All done! You can now power on the Mastodon server 🐘

Do you want to create an admin user straight away? Yes
Username: soulteary
E-mail: soulteary@gmail.com
You can login with the password: 76a17e7e1d52056fdd0fcada9080f474
You can change your password once you login.

In the above interactive program, in order to save time, I chose not to use external services to store files, and not to use external services to send emails. You can adjust it according to your own needs.

During the execution of the command, we may see some error messages related to Redis: Error connecting to Redis on localhost:6379 (Errno::ECONNREFUSED) . This is because we did not correctly configure the Redis server in advance when we started the configuration program and initialized the application. This does not mean that our configuration is wrong, but it has not yet taken effect, so don't panic.

The configuration and code of this part have also been uploaded to GitHub, you can it up if you need it: 161eff45de2e96 https://github.com/soulteary/Home-Network-Note/tree/master/example/mastodon/app

Update app configuration

Next, we need to save the configuration-related information from the above log output to a configuration file .env.production .

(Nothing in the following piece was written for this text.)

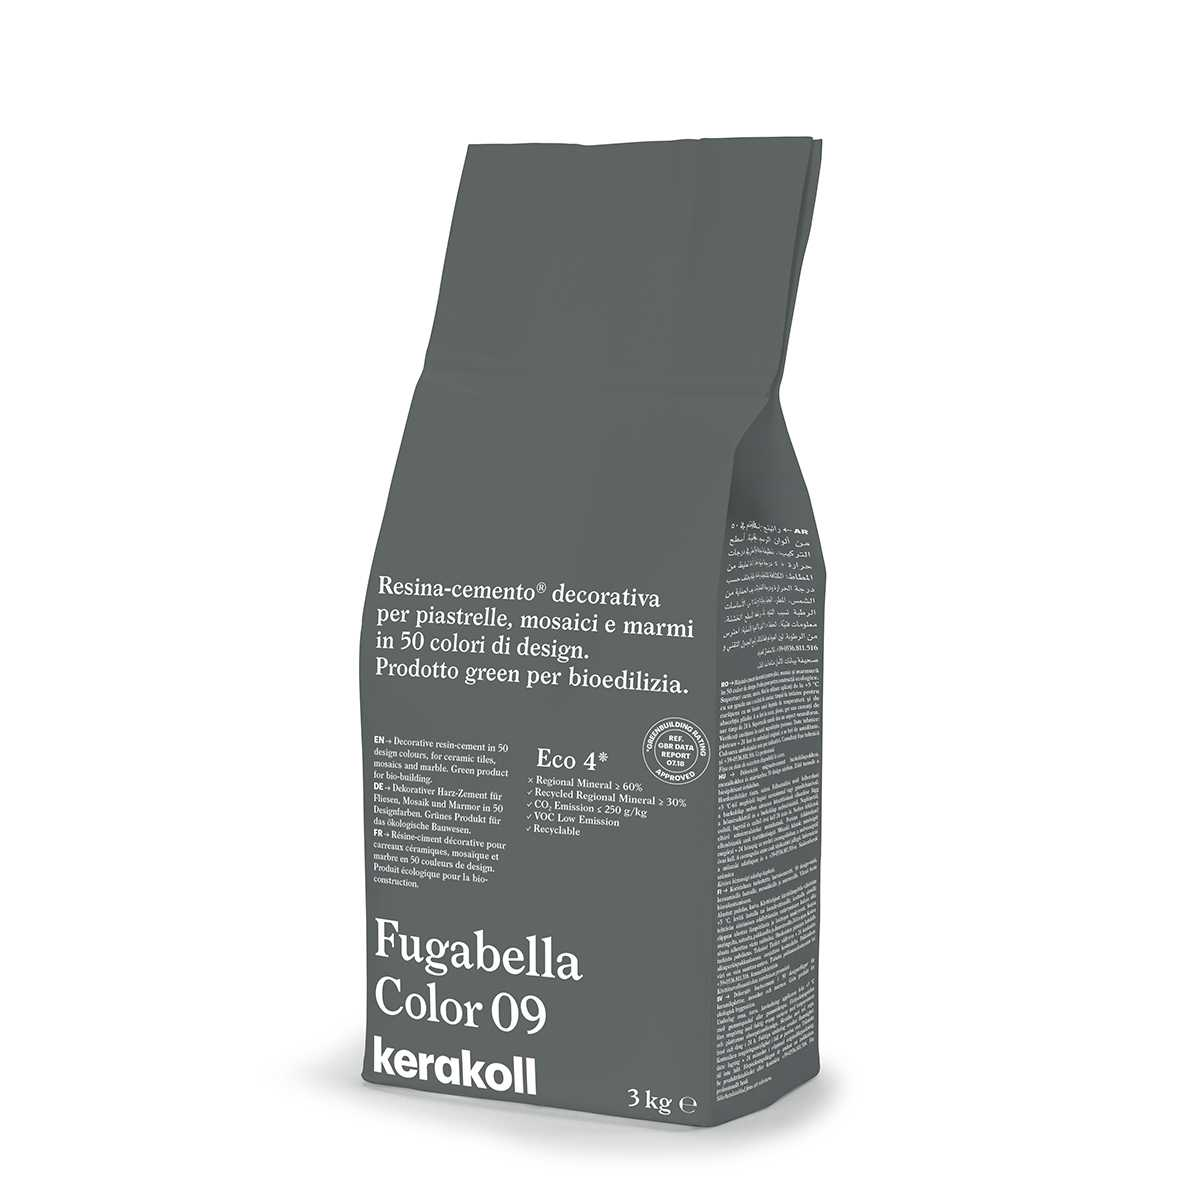 Kerakoll Fugabella Color 09 3kg stucco per fughe uso interno ed esterno
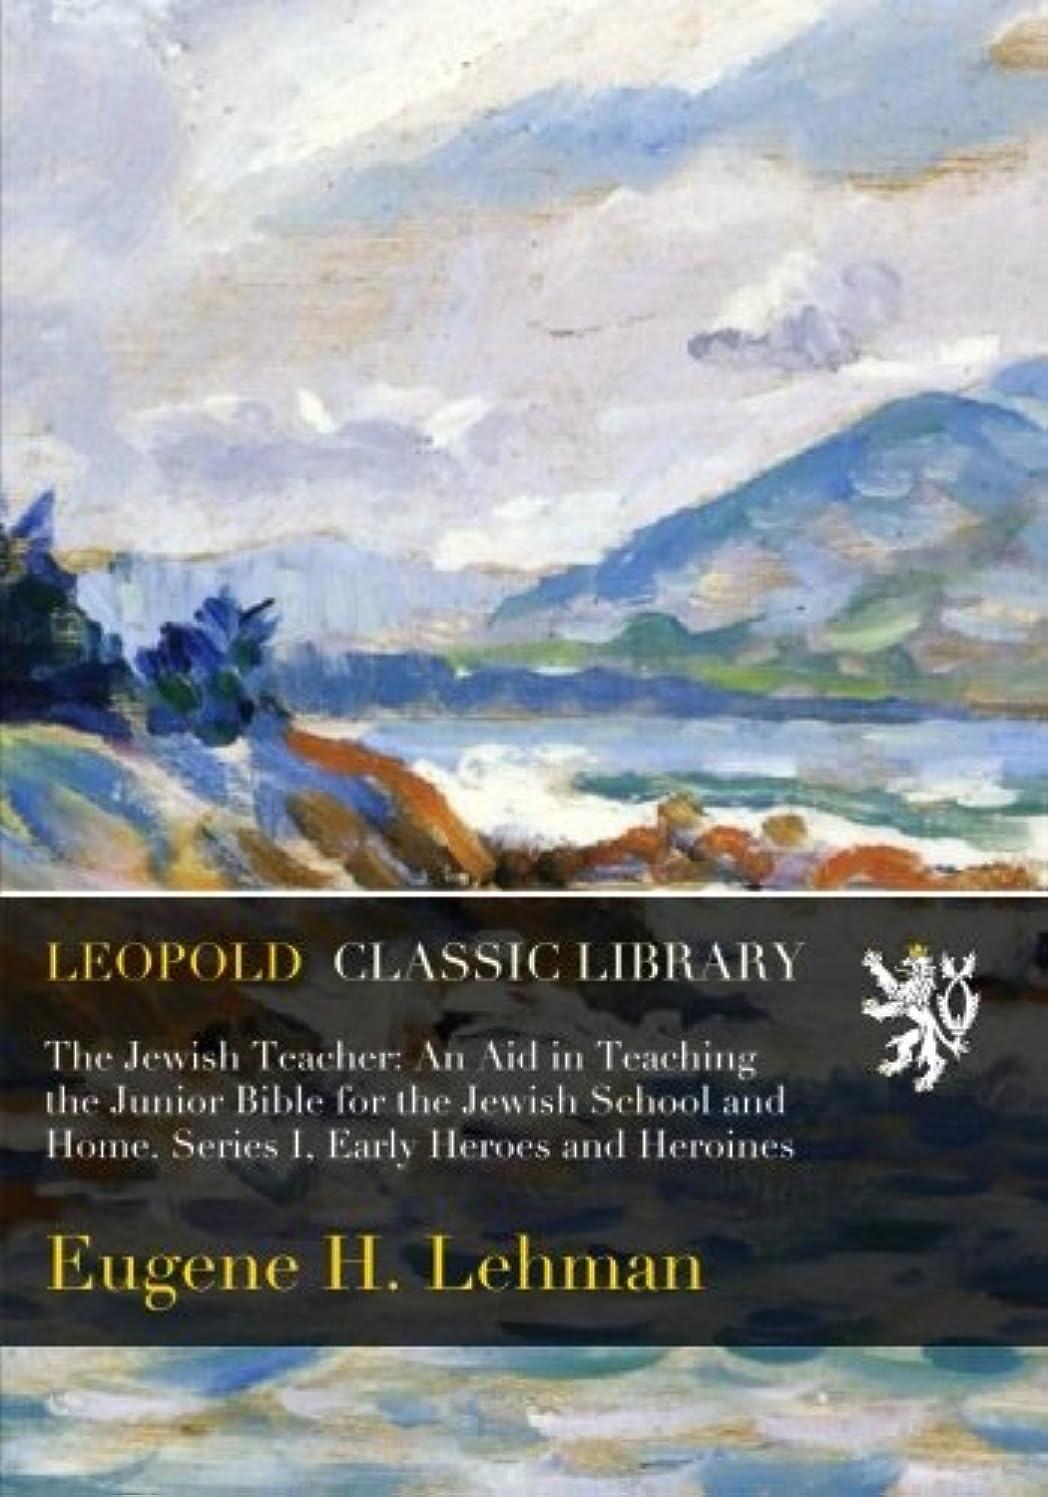 みなさんハンサムカウンターパートThe Jewish Teacher: An Aid in Teaching the Junior Bible for the Jewish School and Home. Series I, Early Heroes and Heroines

# Generated with mastodon:setup on 2022-01-24 08:49:51 UTC

# Some variables in this file will be interpreted differently whether you are
# using docker-compose or not.

LOCAL_DOMAIN=hub.lab.com
SINGLE_USER_MODE=true
SECRET_KEY_BASE=ce1111c9cd51305cd680aee4d9c2d6fe71e1ba003ea31cc27bd98792653535d72a13c386d8a7413c28d30d5561f7b18b0e56f0d0e8b107b694443390d4e9a888
OTP_SECRET=bcb50204394bdce54a0783f1ef2e72a998ad2f107a0ee4dc3b61557f5c12b5c76267c0512e3d08b85f668ec054d42cdbbe0a42ded70cbd0a70be70346e666d05
VAPID_PRIVATE_KEY=QzEMwqTatuKGLSI3x4gmFkFsxi2Vqd4taExqQtZMfNM=
VAPID_PUBLIC_KEY=BFBQg5vnT3AOW2TBi7OSSxkr28Zz2VZg7Jv203APIS5rPBOveXxCx34Okur-8Rti_sD07P4-rAgu3iBSsSrsqBE=
DB_HOST=db
DB_PORT=5432
DB_NAME=postgres
DB_USER=postgres
DB_PASS=mastodon
REDIS_HOST=redis
REDIS_PORT=6379
REDIS_PASSWORD=
SMTP_SERVER=localhost
SMTP_PORT=25
SMTP_AUTH_METHOD=none
SMTP_OPENSSL_VERIFY_MODE=none
SMTP_FROM_ADDRESS="Mastodon <notifications@hub.lab.com>"

One thing to note here is that SMTP_FROM_ADDRESS in the sending email notification configuration needs to be wrapped in double quotation marks. If in the above interactive terminal configuration process, we use the carriage return "all the way Next", the generated configuration content may be missing quotation marks The problem.

If this problem occurs, you can manually add quotation marks when saving the file, and you do not need to re-execute the command.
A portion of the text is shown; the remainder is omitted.